Avakov is the devil (Ukrainian: Аваков — чорт) was a slogan used during a series of protests in Ukraine against Minister of Internal Affairs Arsen Avakov, which took place from 2019 through 2021. The primary demand of the protesters was to remove Avakov from the Ministry of Internal Affairs, with the slogan being displayed during rallies held on August 28, 2019, as a result of President Volodymyr Zelenskyy's decision to retain Avakov in the Honcharuk Government.

== Etymology ==
The name comes from a combination of two words: Avakov (Аваков, Minister of Internal Affairs) and "devil" (чорт, a slang word that came from prison culture).

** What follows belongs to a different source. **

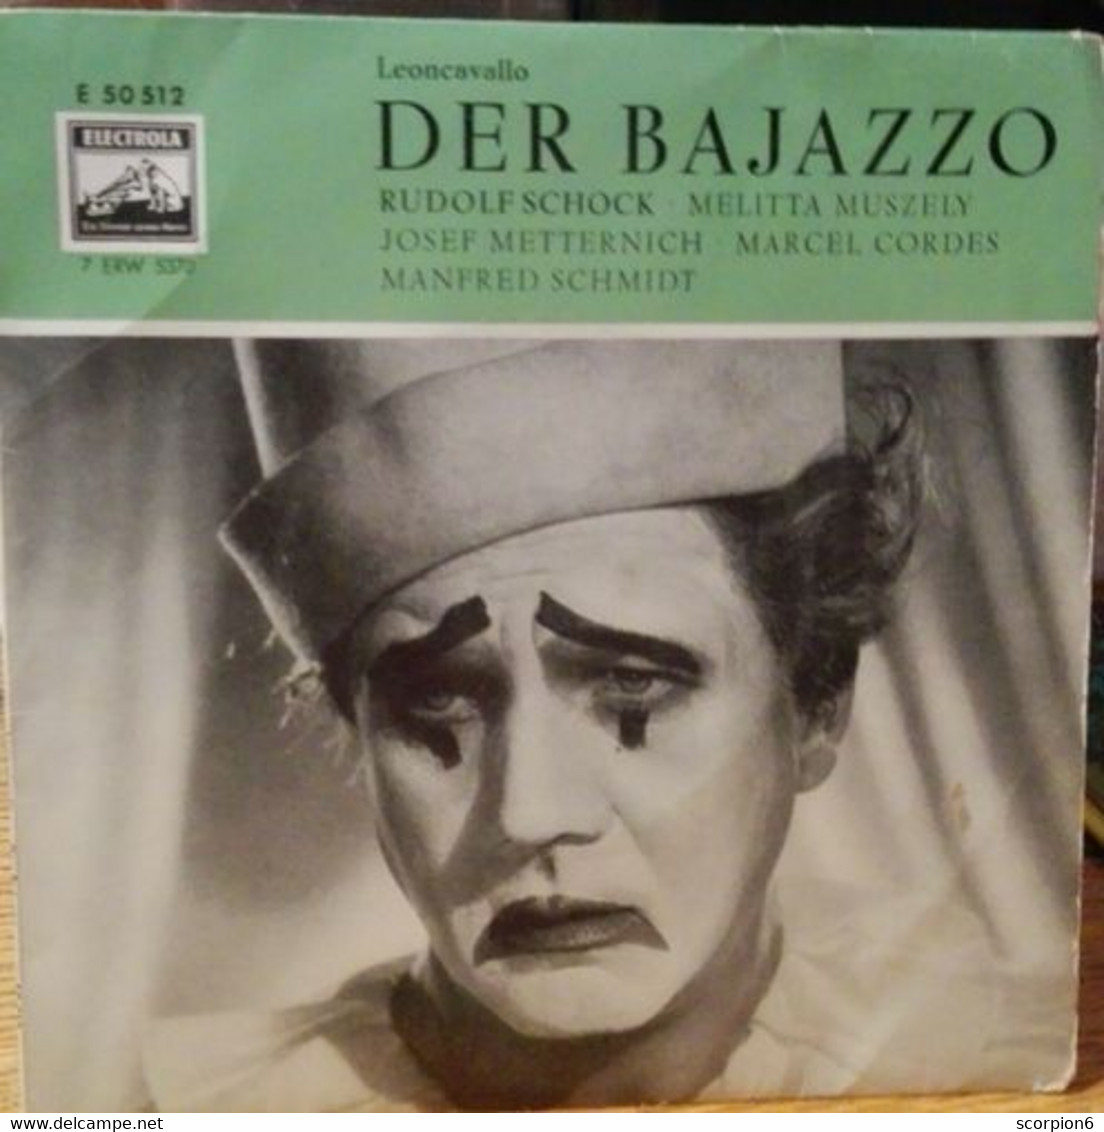 7" Single - Leoncavallo - Rudolf Schock - Der Bajazzo - Classical

According to the Ukrainian mass media, the "Avakov is the devil" meme was launched in the public space by Roman Sinitsyn, a volunteer and public activist.

== Background ==
On March 25, 2014, public activist Oleksandr Muzychko was killed by internal affairs authorities.

On March 27, 2014, the Rivne City Council declared the death of Oleksandr Muzychka a political murder and called on the Minister of Internal Affairs, Arsen Avakov, to resign.

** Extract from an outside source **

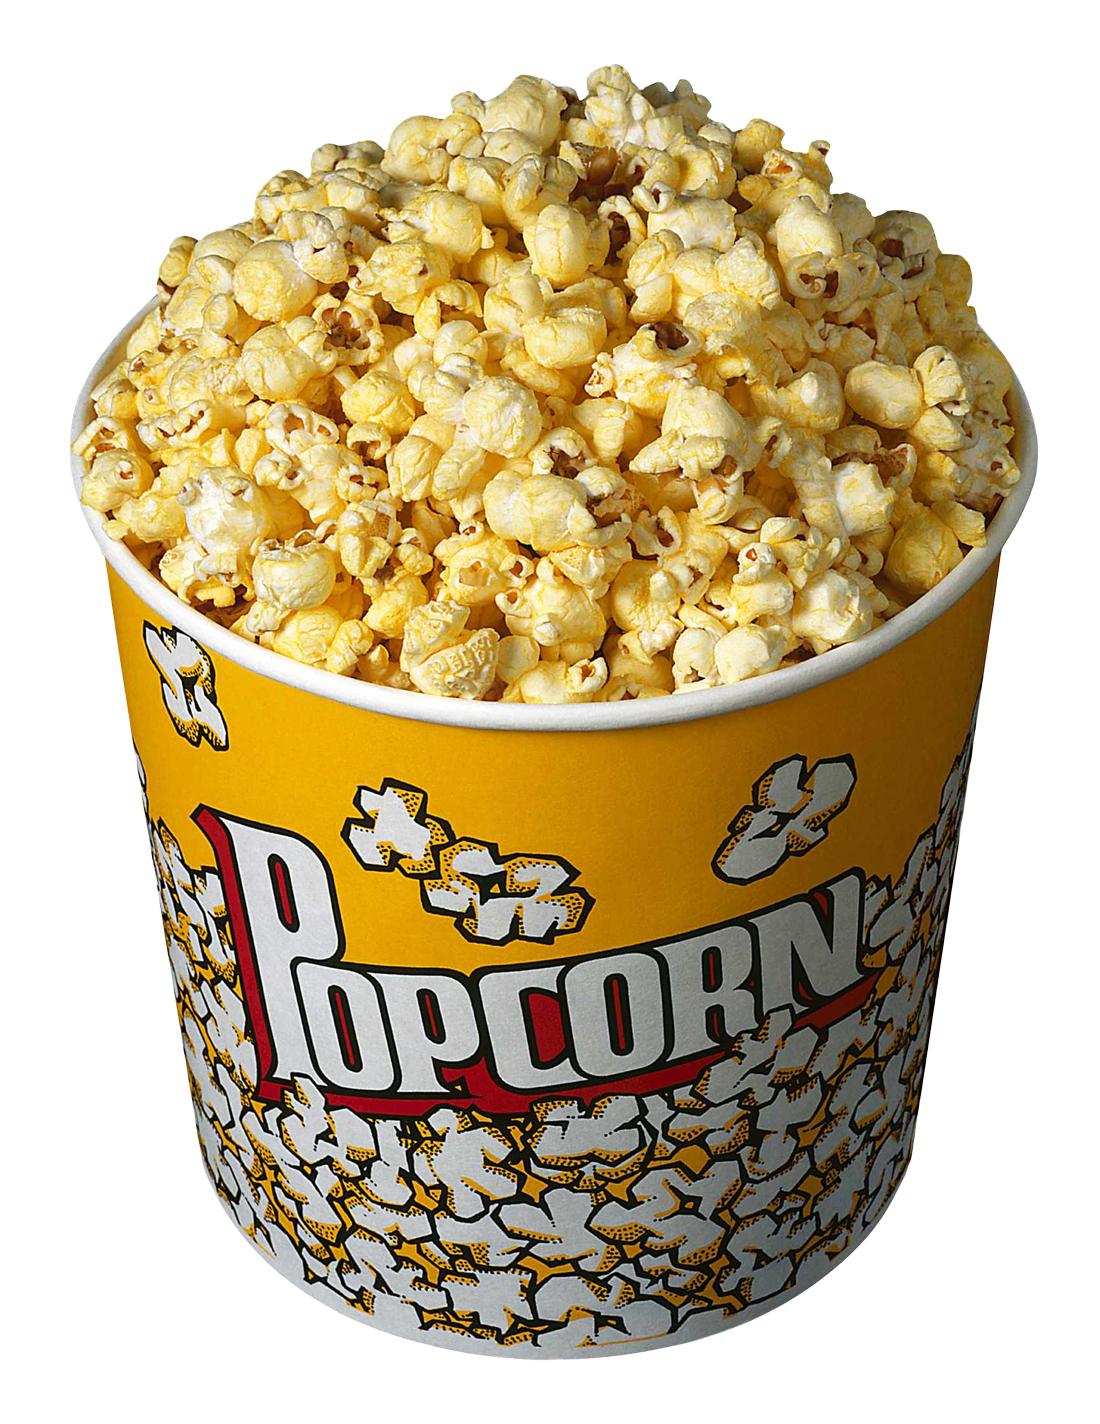 Buttered Popcornin Yellow Bucket

On March 31, 2014, the Lutsk City Council declared the death of Oleksandr Muzychka a political murder and called on the Minister of Internal Affairs, Arsen Avakov, to resign.

On February 7, 2016, Mykhailo Medvedev was killed by the police.

On February 10, 2016, relatives of Mykhailo Medvedev picketed the Department of the Patrol Service with the slogan "We are against murderous cops!".

On February 13, 2016, protests against such police actions took place.

On May 31, 2019, the 5-year-old child of Kyrylo Tlyavov was shot dead by police officers.

On June 3, 2019, Kyrylo Tlyavov died.

On June 4, 2019, protest actions demanding the resignation of Arsen Avakov were held throughout Ukraine.

According to public activists, experts and mass media, during his tenure as a minister, Avakov assumed many powers. This applies, for example, to his intervention in the case of Serhiy Sternenko, which is being investigated by the Prosecutor General's Office and the Security Service of Ukraine. Also, according to Sternenko, the pro-Russian oligarchs Medvedchuk and Avakov are responsible for the attacks on him.

The lack of investigations of attacks against public activists and journalists, and first of all the investigation of the murder of Kateryna Handziuk, also serves as the reason for the series of actions "Avakov is the devil".

== Protests against Avakov ==
The first action took place on August 28, 2019, near the President's Office, when it became known that Avakov will head the Ministry of Internal Affairs in the newly appointed Honcharuk government.

On February 23, 2020, as a result of the excessive involvement of the Minister of Internal Affairs in solving problems related to the coronavirus, activists gathered in Kyiv for the "Get Avakovirus" campaign, which became part of the "Avakov is the devil" campaign.

June 5, 2020— during Avakov's report to the Parliament of Ukraine regarding the investigation into the police rape of a woman in Kaharlyk and the shooting in Brovary with the participation of 100 people, activists gathered in front of the Parliament under the slogans "Avakov is the devil".

May 18, 2020 — as part of protests against the imprisonment of activist Serhiy Sternenko, protesters gathered in Kyiv under the slogans "Avakov is the devil".

On June 18, 2020 — activists gathered for a rally outside the Verkhovna Rada, demanding Avakov's release from the office.